- [GIVEN DATA]:

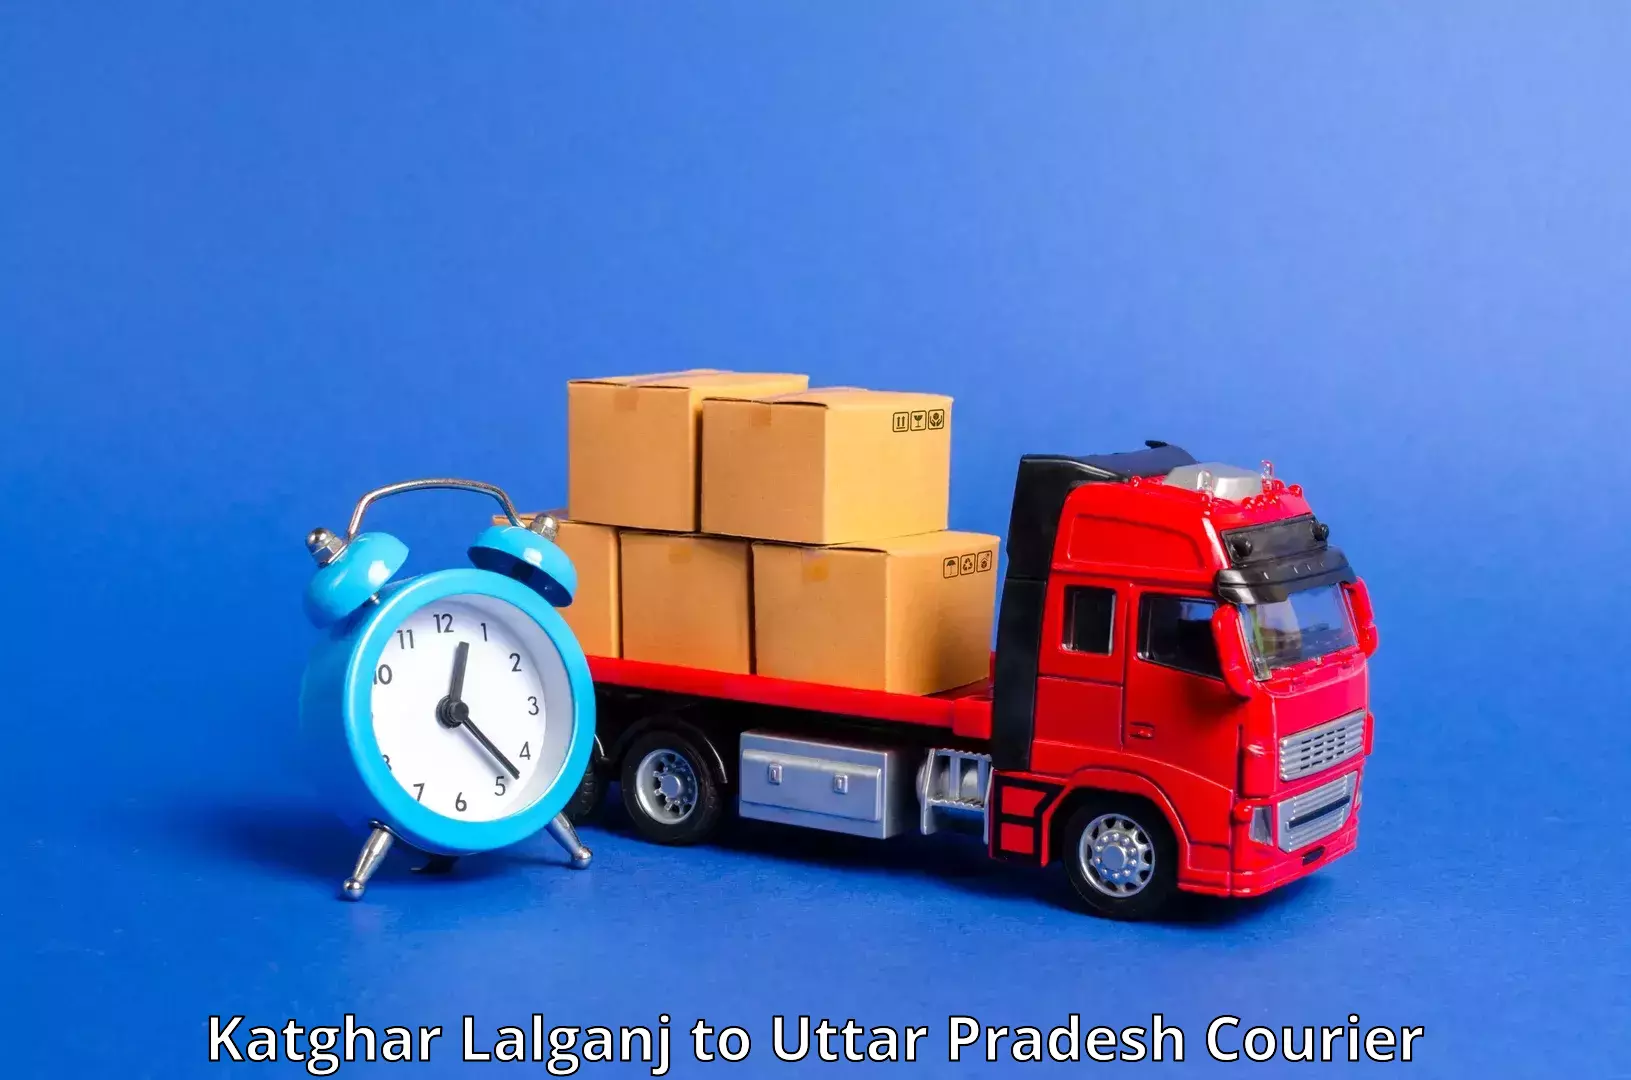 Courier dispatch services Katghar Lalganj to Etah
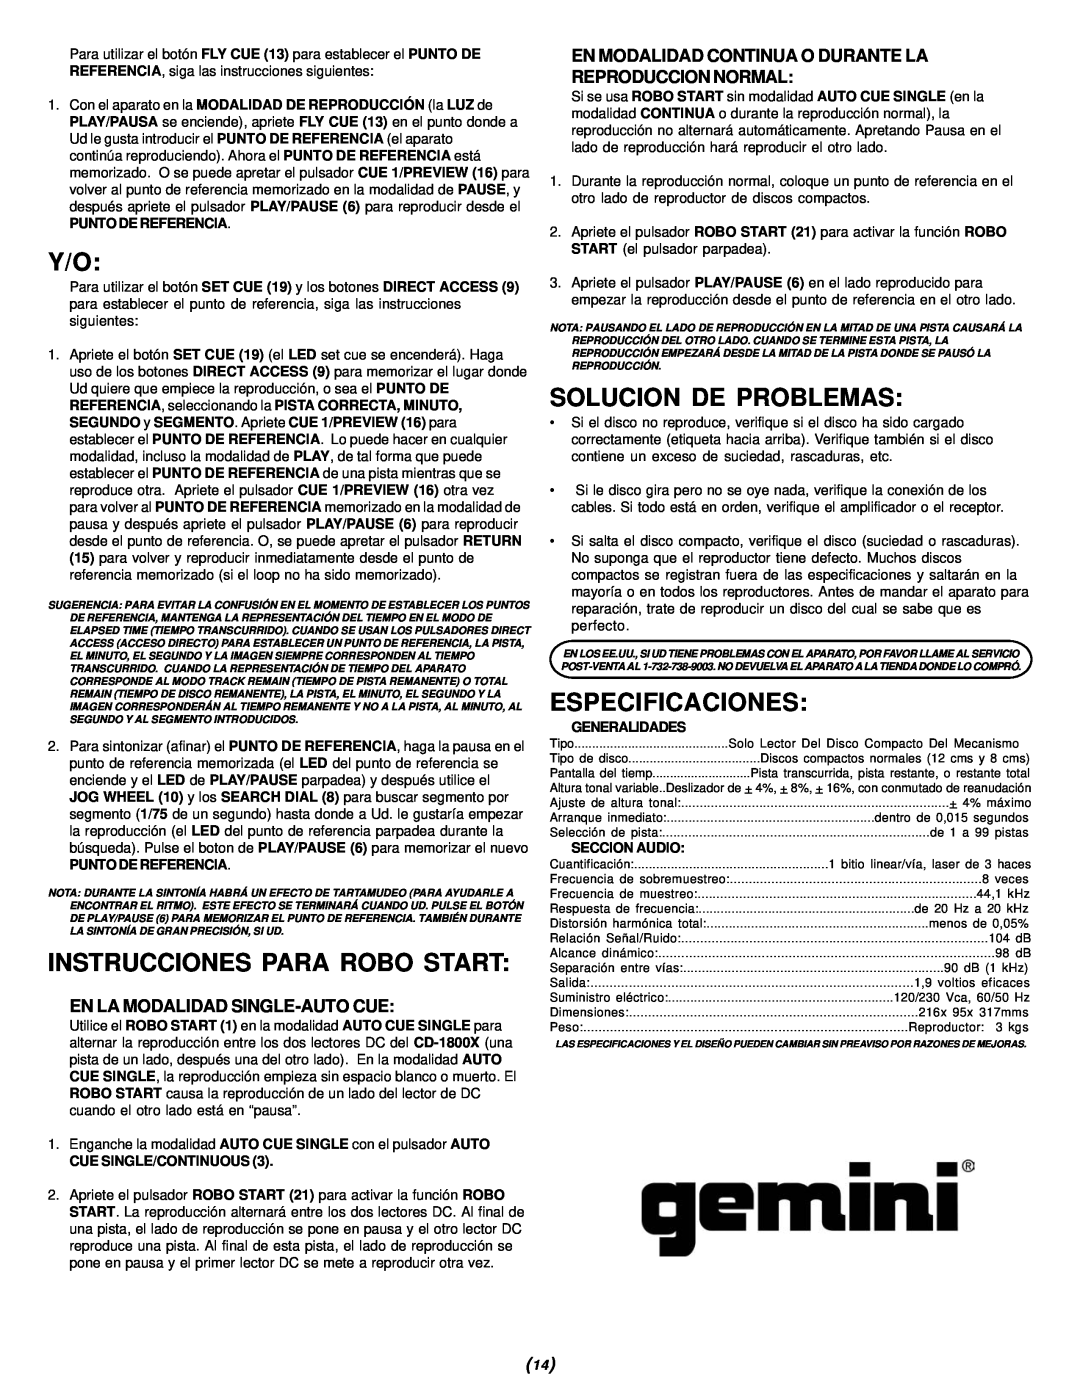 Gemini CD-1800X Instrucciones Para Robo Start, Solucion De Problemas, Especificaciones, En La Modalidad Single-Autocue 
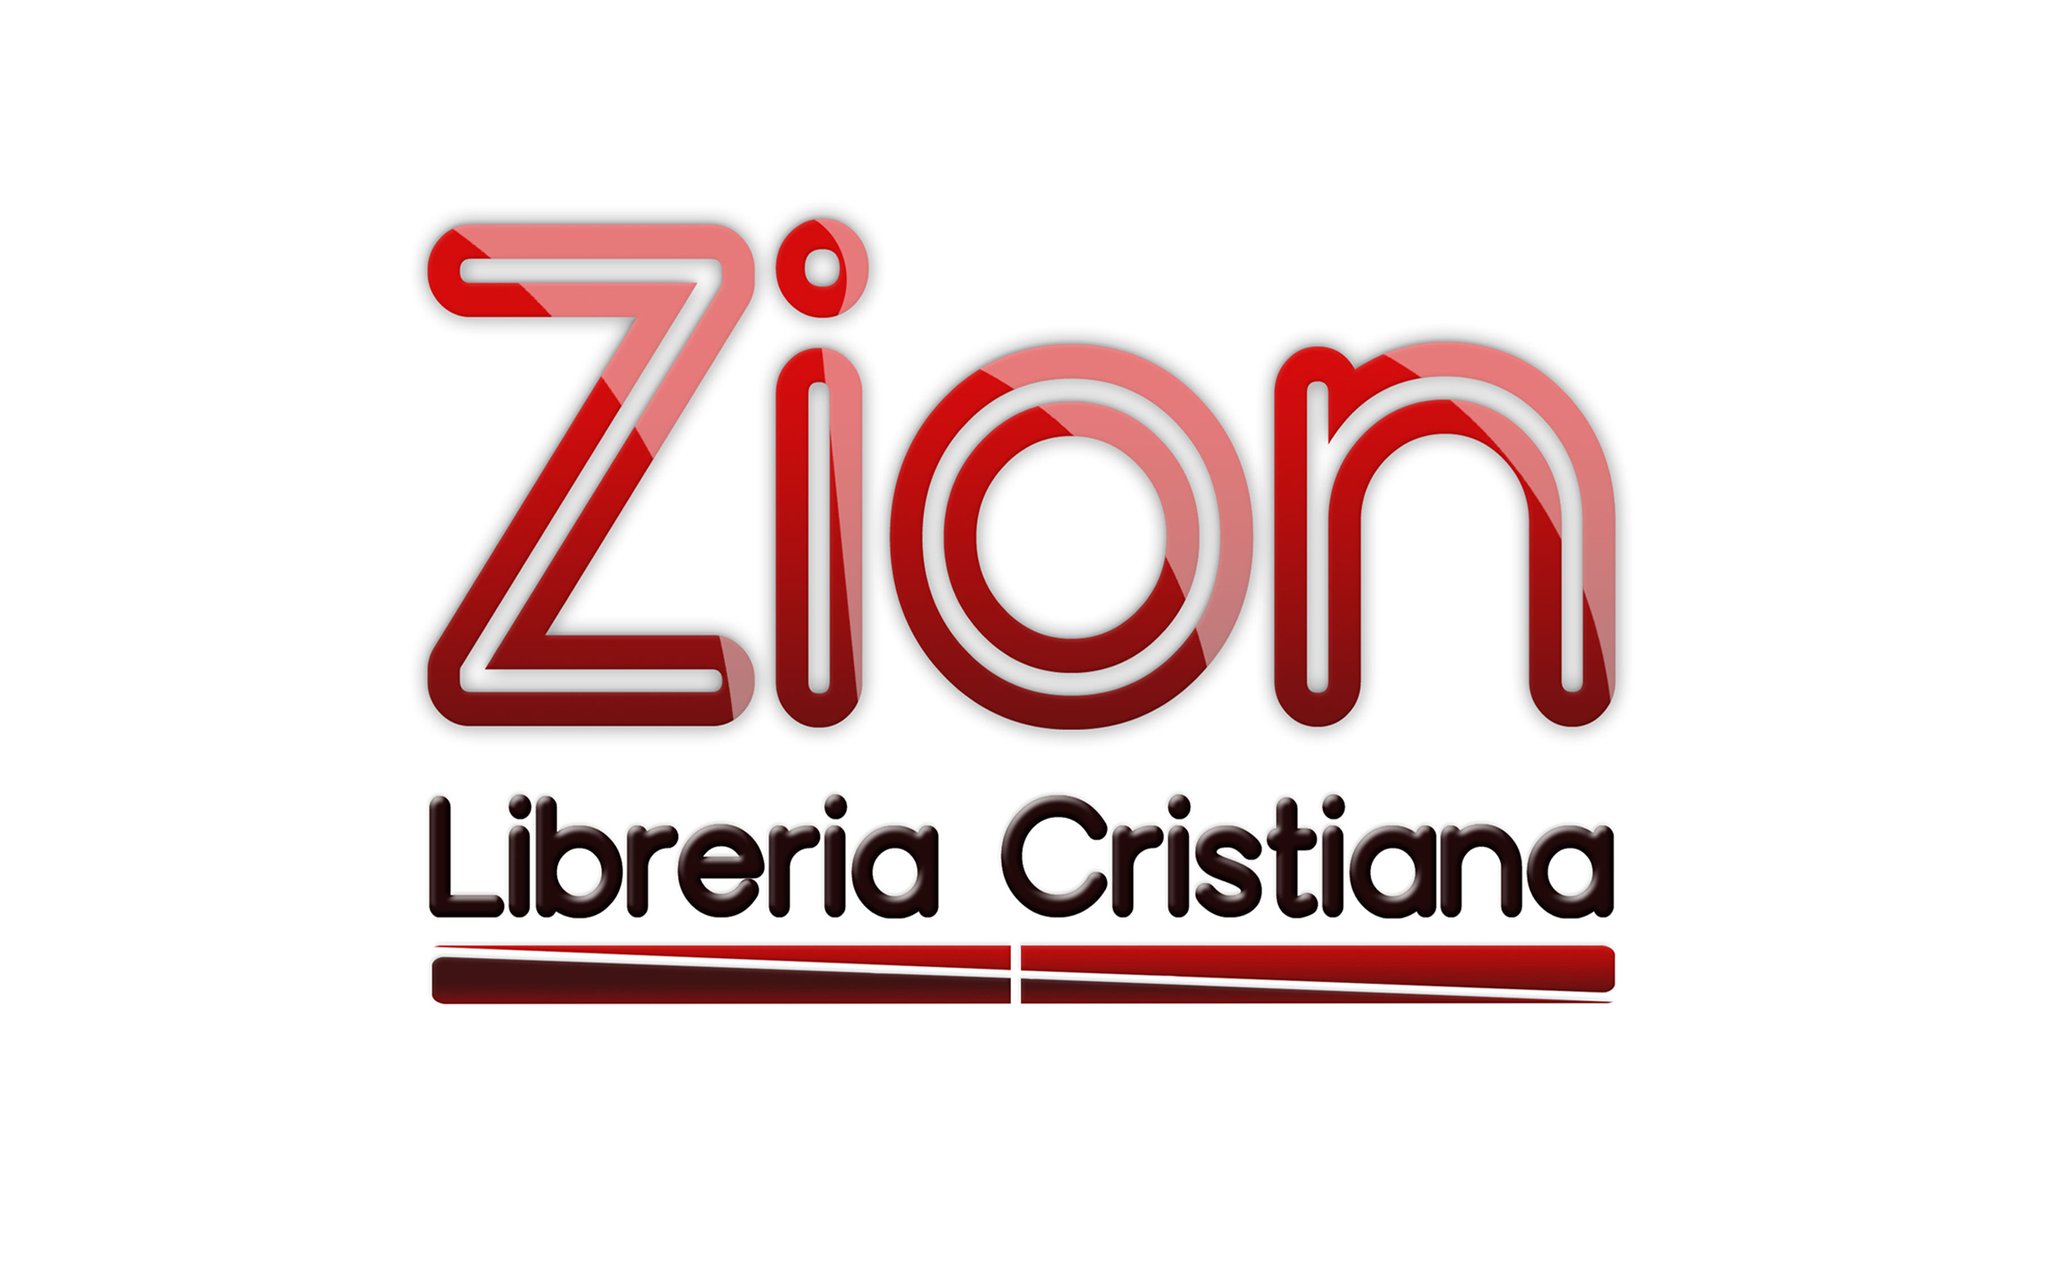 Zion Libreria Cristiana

- [WORK TO COMPLETE]: From the first line to the last, transcribe the listing exactly; skip the pictures.

- [ANSWER TO THIS EXERCISE]:
 Courier dispatch services Katghar Lalganj to Etah
 Gemini CD-1800X Instrucciones Para Robo Start, Solucion De Problemas, Especificaciones, En La Modalidad Single-Autocue 
 Zion Libreria Cristiana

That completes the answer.